Gaussian process change-point detection {cite}`saatci2010` uses GP marginal likelihood for change detection, modeling the signal as piecewise-stationary GP segments.

**When to use:** Smooth signals where GP models are appropriate and you need change detection that respects temporal correlation.

:::{warning}
GpCpd and ArgpCpd are experimental.

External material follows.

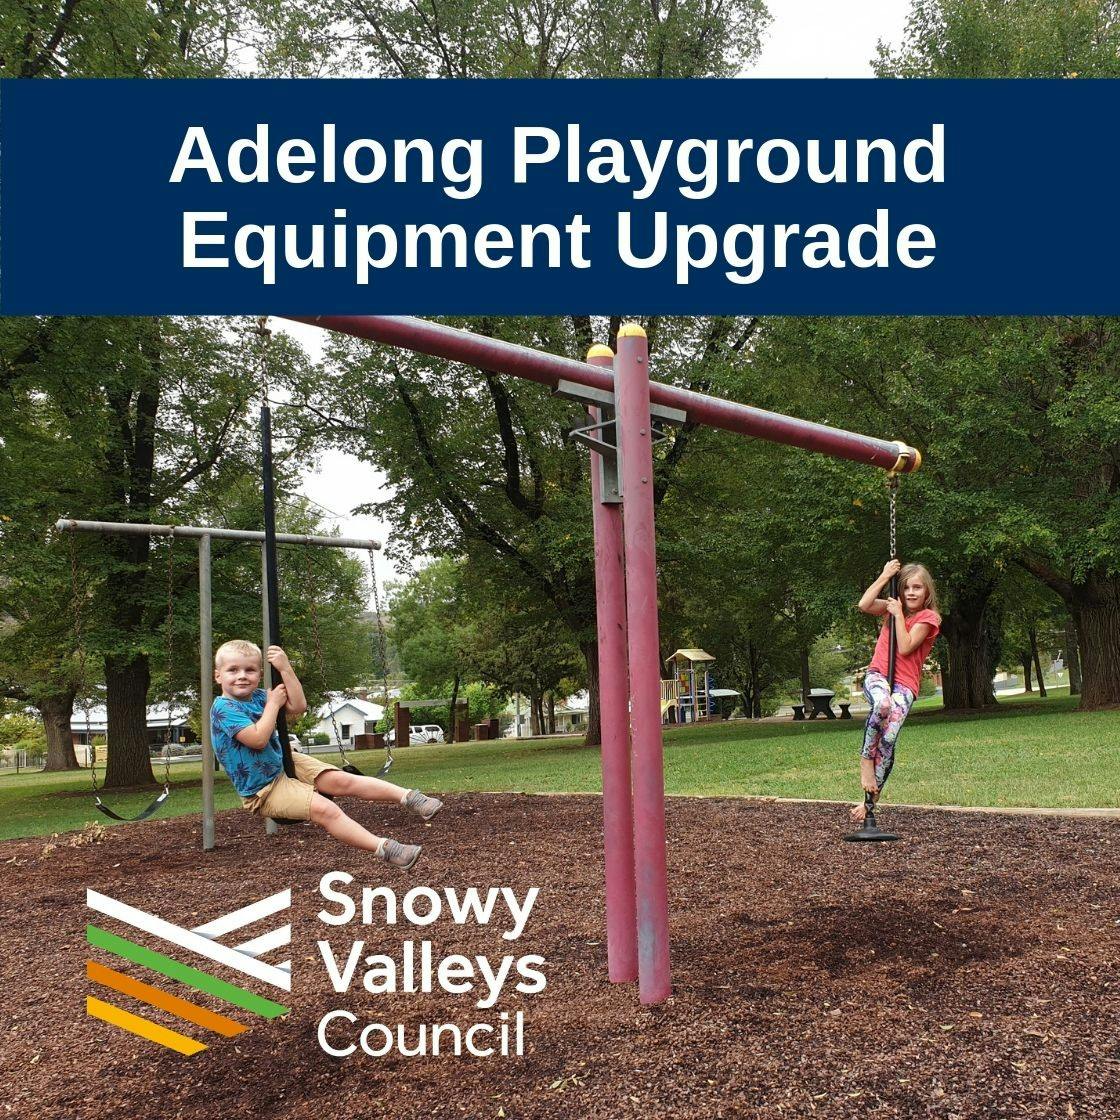 Adelong Playground Equipment Upgrade

Requires the `gp` feature flag.
:::

---

## Stopping criteria

All offline detectors support multiple stopping strategies:

| Stopping | Python usage | When to use |
|---|---|---|
| Known k (`n_bkps`) | `predict(n_bkps=3)` | You know the expected number of changes |
| Manual penalty | `predict(pen=10.0)` | Tight operational control over sensitivity |
| BIC {cite}`schwarz1978` | `predict(pen="bic")` | Good default for automatic model selection |
| AIC {cite}`akaike1974` | `predict(pen="aic")` | Less conservative than BIC; recovers weaker changes |
| PenaltyPath | `stopping={"PenaltyPath": [...]}` | Sweep multiple penalties in one pass |

### Penalty selection guidance

| Scenario | Recommended stopping |
|---|---|
| Unknown number of changes, moderate noise | `pen="bic"` |
| Unknown number, want to find weaker changes | `pen="aic"` |
| Known number of changes | `n_bkps=k` |
| Operational threshold tuning | `pen=<float>` (lower = more sensitive) |
| Exploratory analysis | `PenaltyPath` with a range of values |

BIC/AIC complexity terms are cost-model-aware:
- `l2`: `params_per_segment=2` (mean + residual variance proxy)
- `normal`: `params_per_segment=3` (mean + variance + residual term)
- `normal_full_cov`: model-aware complexity `1 + d + d(d+1)/2`